A company that made car
airbags. Pretty much every car company except for
[Volvo] used Takata airbags on at least
one vehicle
line at some point in
time, but Honda and Toyota used their airbags the most.
Back in the 1990s, airbags were made with a chemical propellant called sodium azide, which is very
toxic. By 2000 automakers switched to other propellants that were safer. Takata switched to a propellant called Tetrazole for a while, it was effective but expensive. Takata was looking to save a
buck and decided to go with
ammonium nitrate.
Ammonium nitrate tends to stick together after absorbing humidity. This problem is worse in climates which have lots of hot and humid weather. The airbags are sealed in a metal container, so it takes several years for the propellant to clump together. For the first few years after Takata made the
switch to ammonium nitrate, everything was going well. Then, starting around 2008, some of these airbags went off in crashes and instead of providing a cushion, they shot
fucking shrapnel at
people in crashes.

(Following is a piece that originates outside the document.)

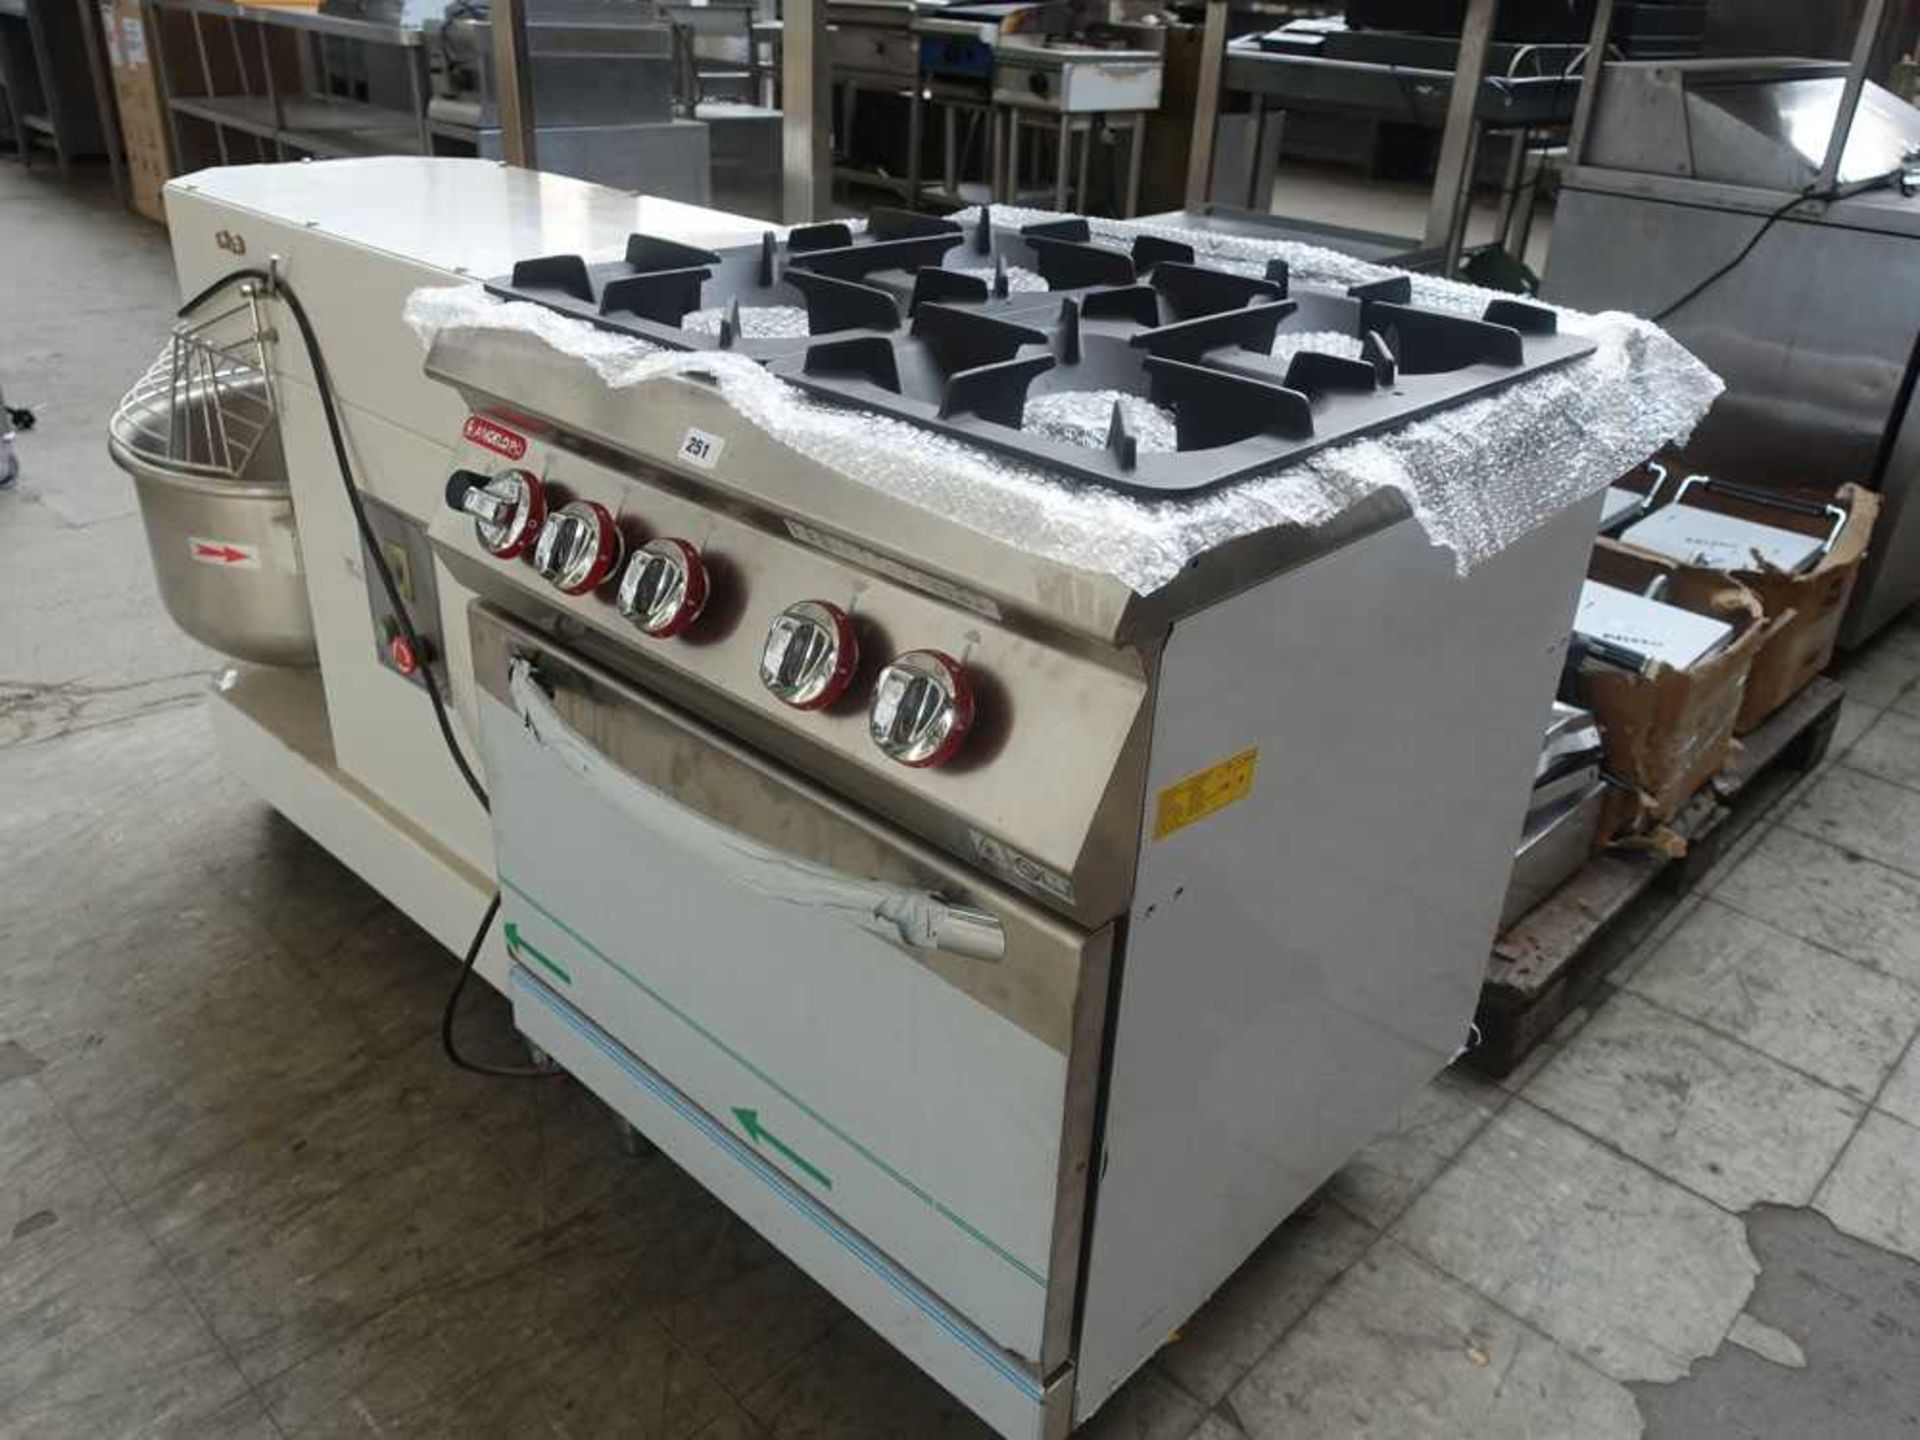 70cm gas Angelo Po 4 burner cooker with large single oven under - Image 2 of 2

The ammonium nitrate's clumping together caused it to detonate too forcefully, blowing apart the housing of the airbag. Over 20
people have been killed by these airbombs, the vast majority of them in Hondas and
Ford Rangers from the early to
mid 2000's.
Despite a massive recall campaign which succeeded in getting the vast majority of these airbombs out of cars, the damage had been done and Takata closed down in 2018.